[Start of Attachment]
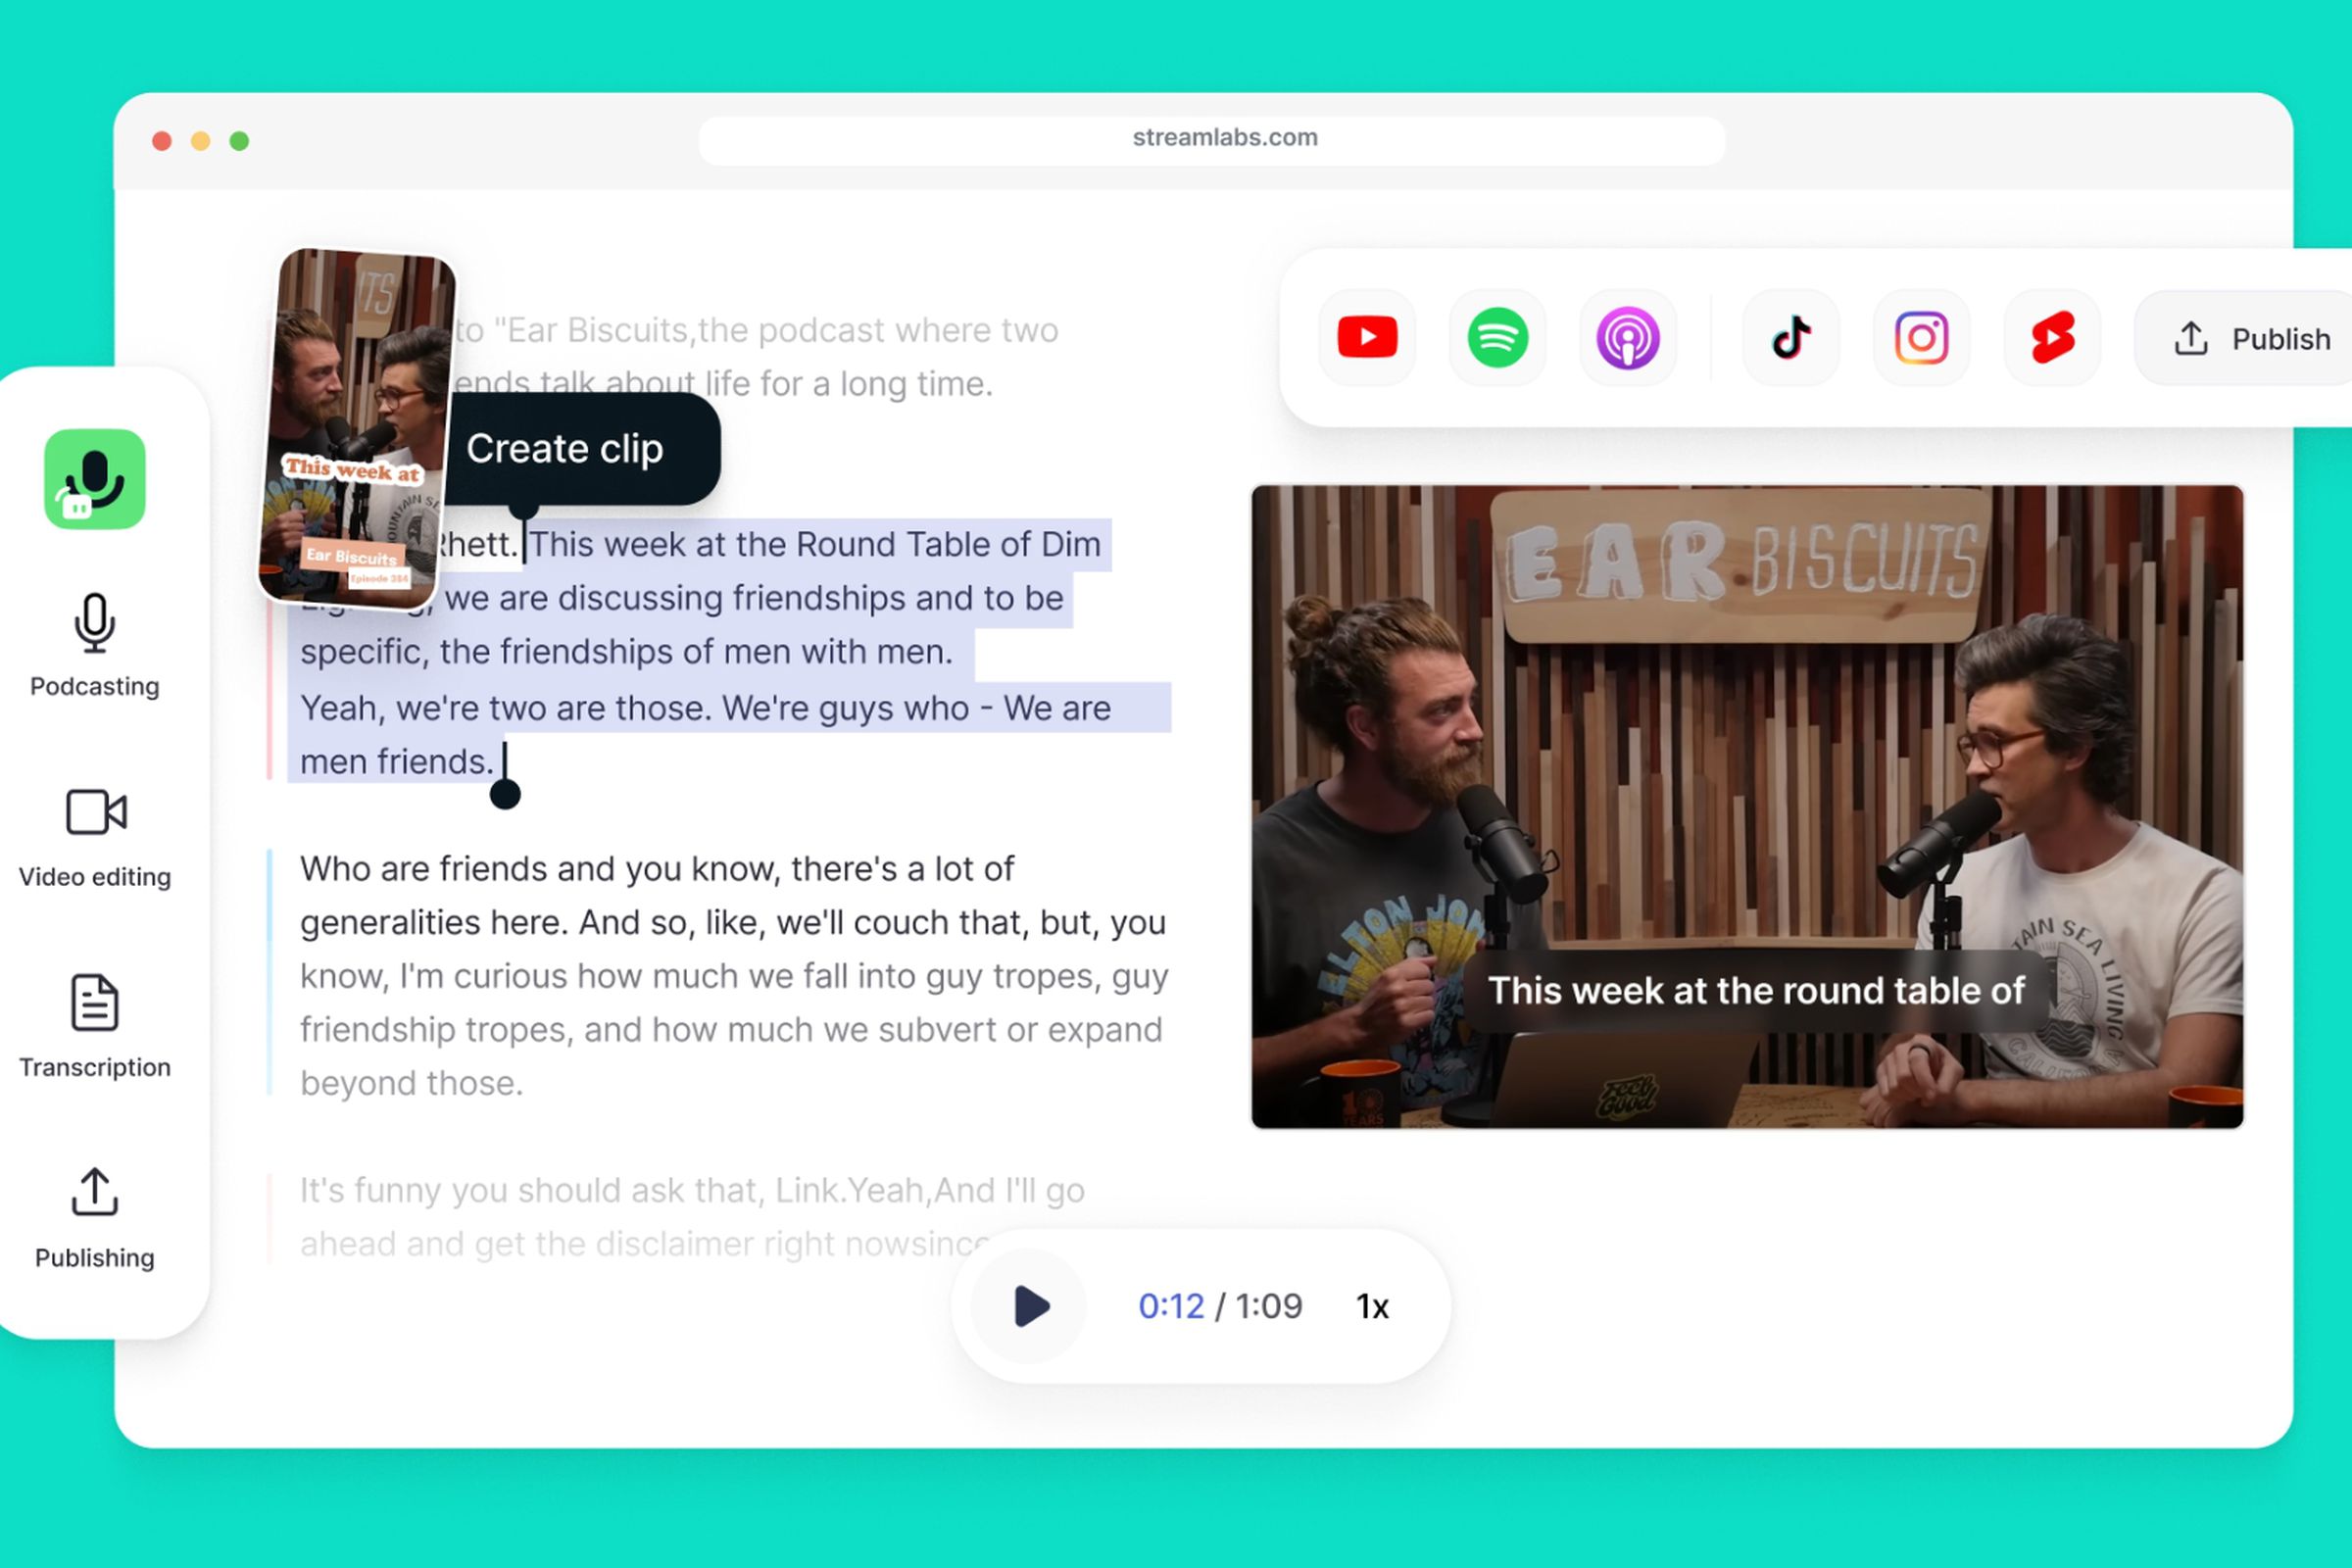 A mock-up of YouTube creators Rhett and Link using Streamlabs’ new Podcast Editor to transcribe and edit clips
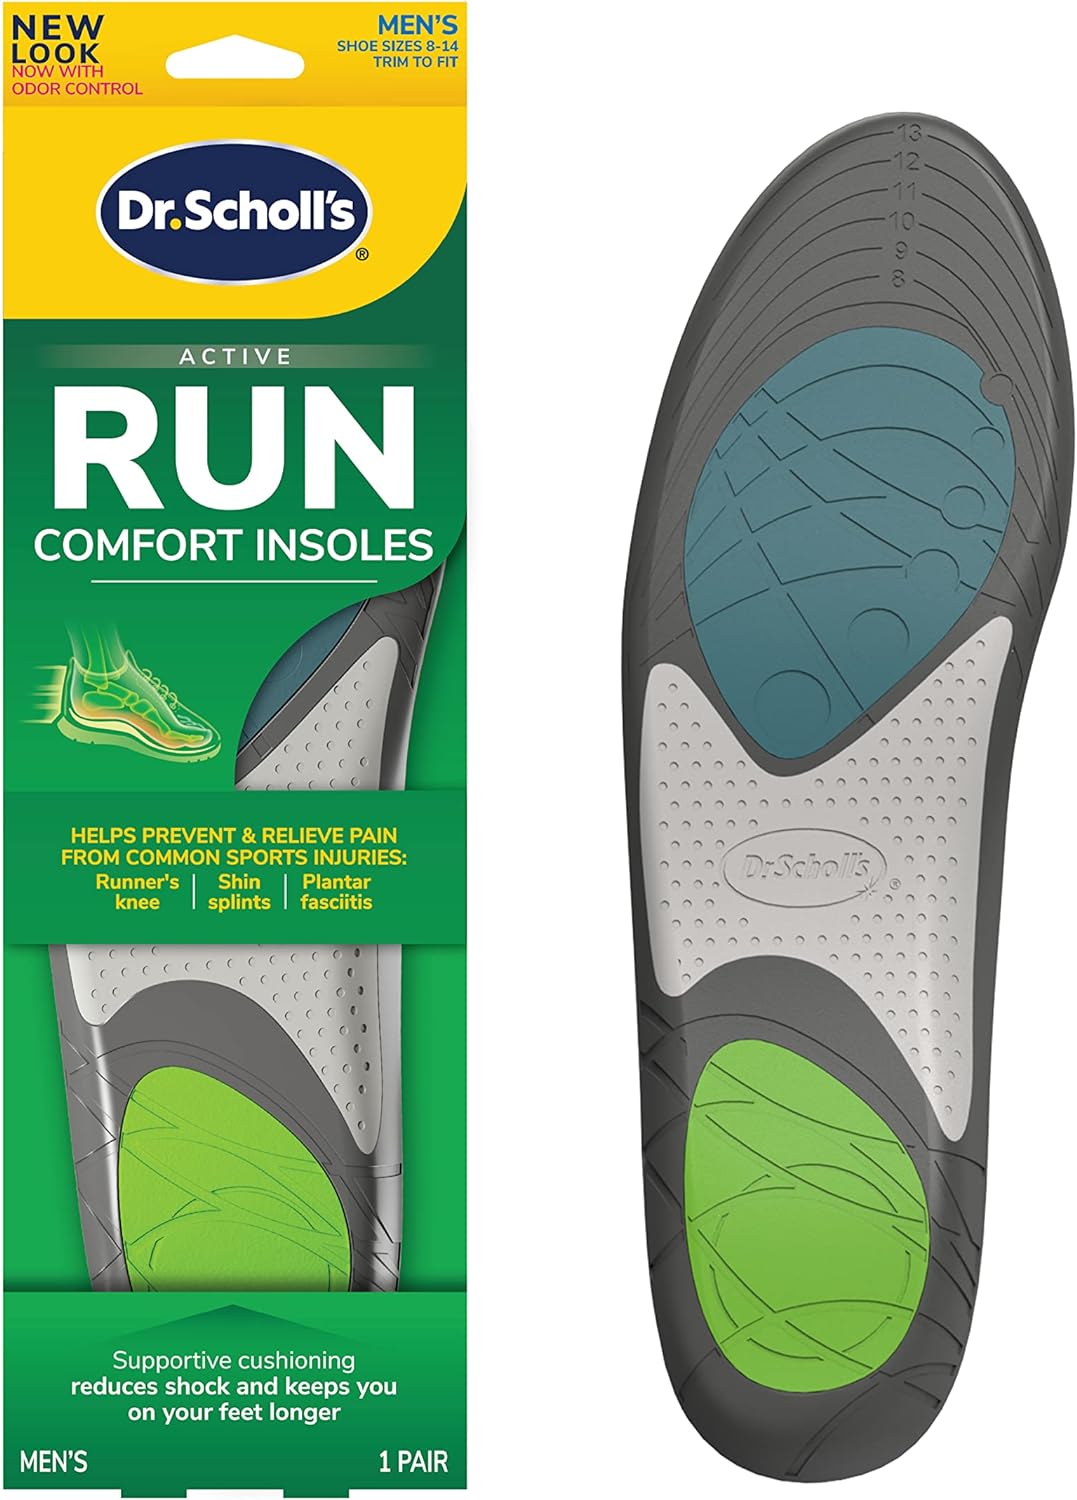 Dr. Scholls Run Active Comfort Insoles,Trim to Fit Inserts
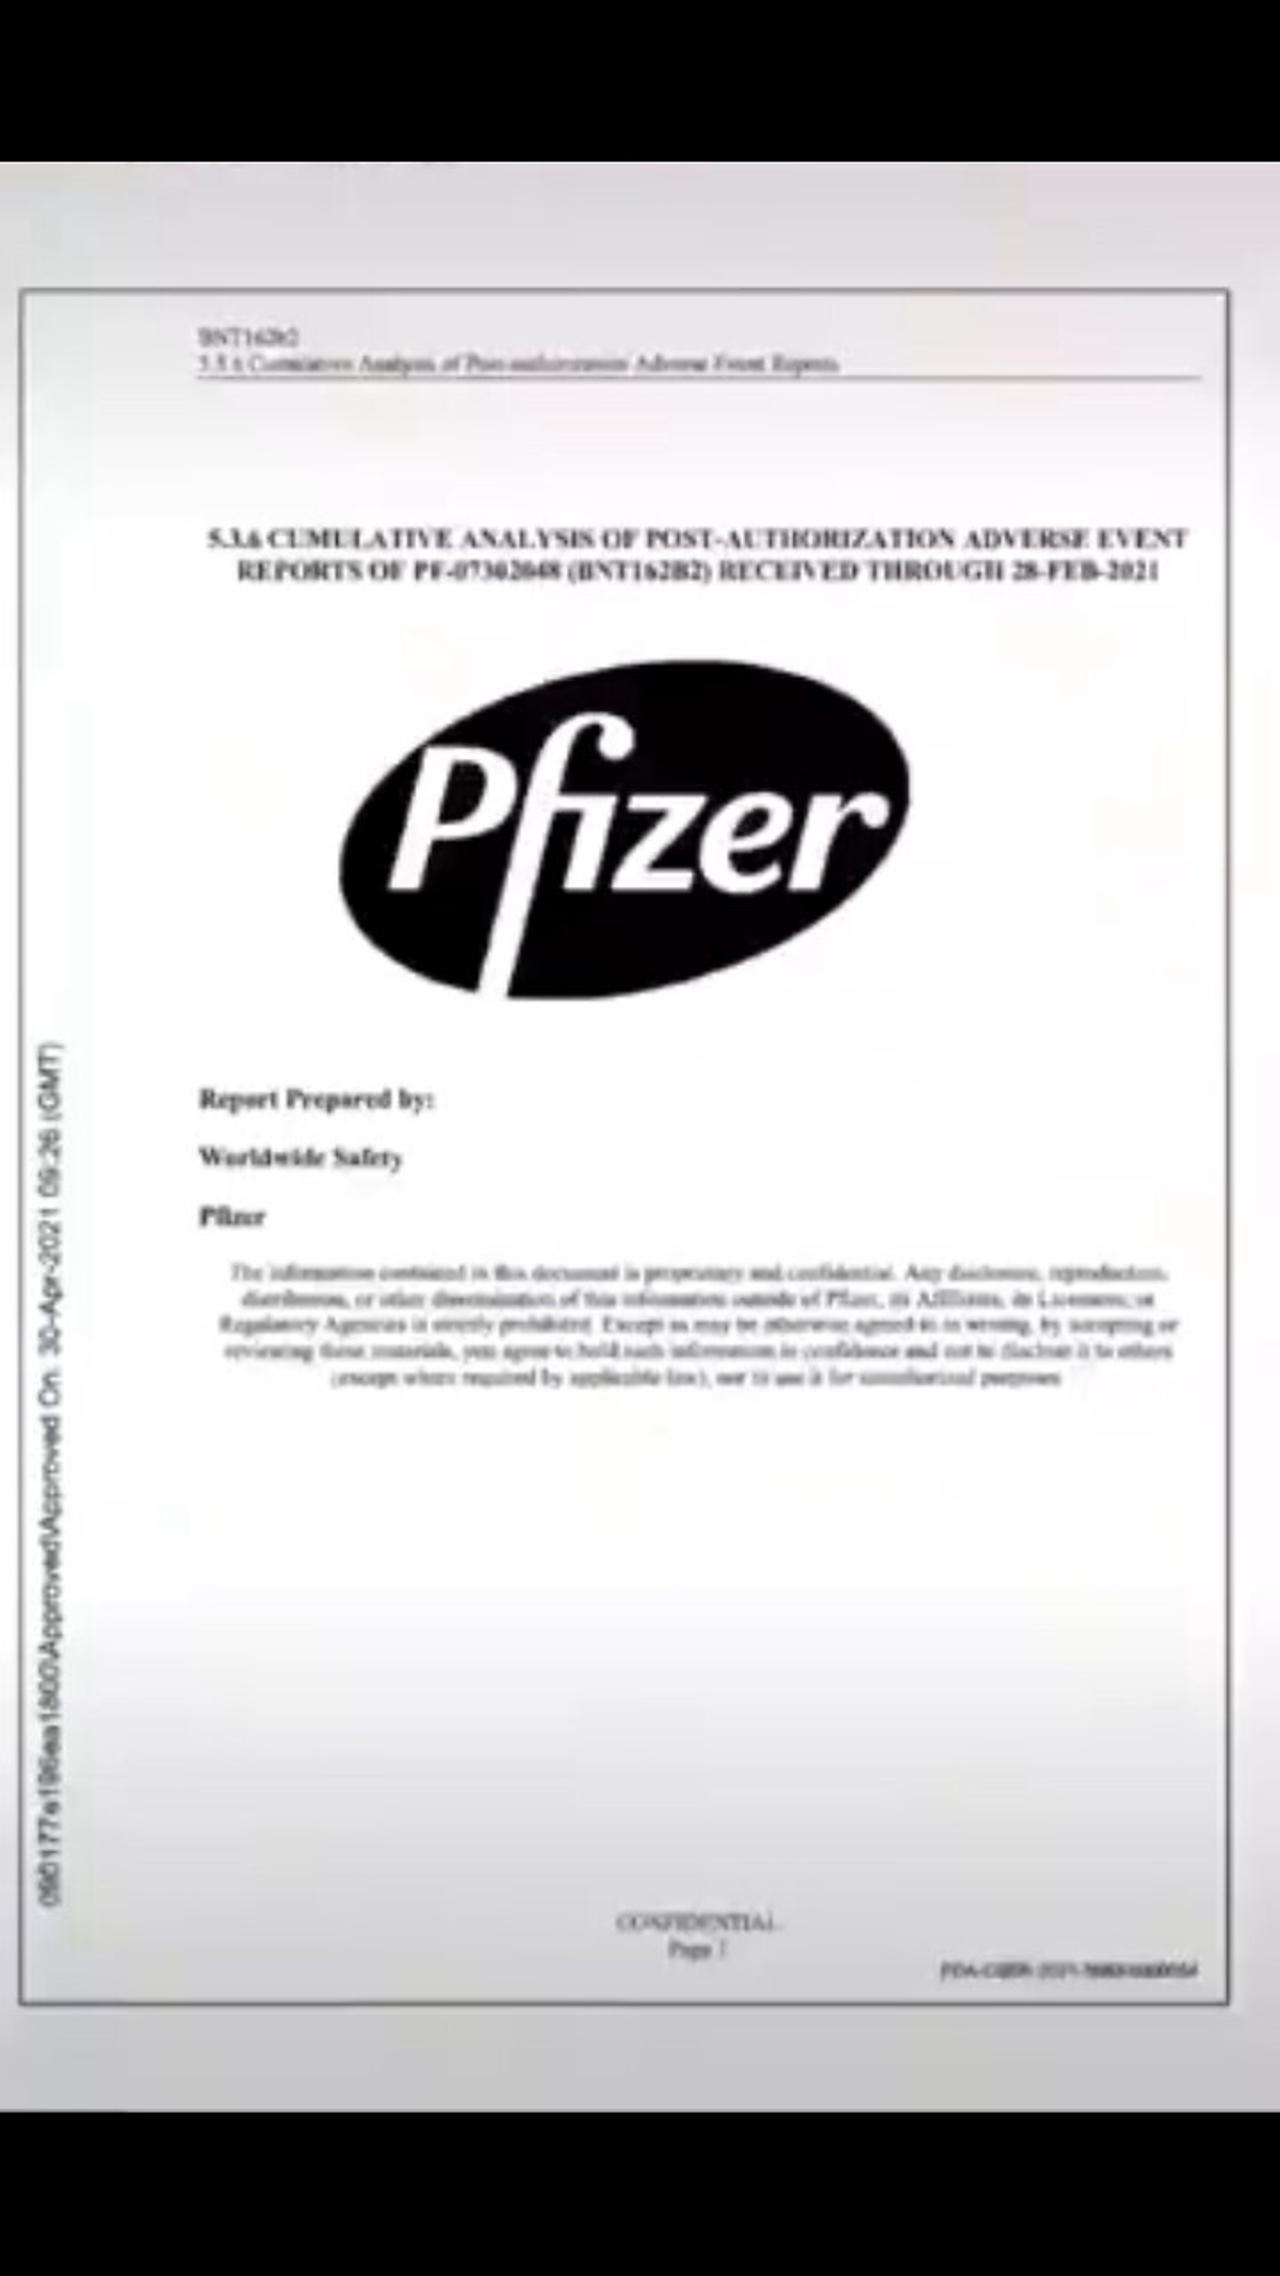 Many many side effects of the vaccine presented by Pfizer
[End of Attachment]
What is needed is an exact copy of the data, without any pictures.

**OUTPUT OF THE EXERCISE**
 A mock-up of YouTube creators Rhett and Link using Streamlabs’ new Podcast Editor to transcribe and edit clips
 Dr. Scholls Run Active Comfort Insoles,Trim to Fit Inserts
 Many many side effects of the vaccine presented by Pfizer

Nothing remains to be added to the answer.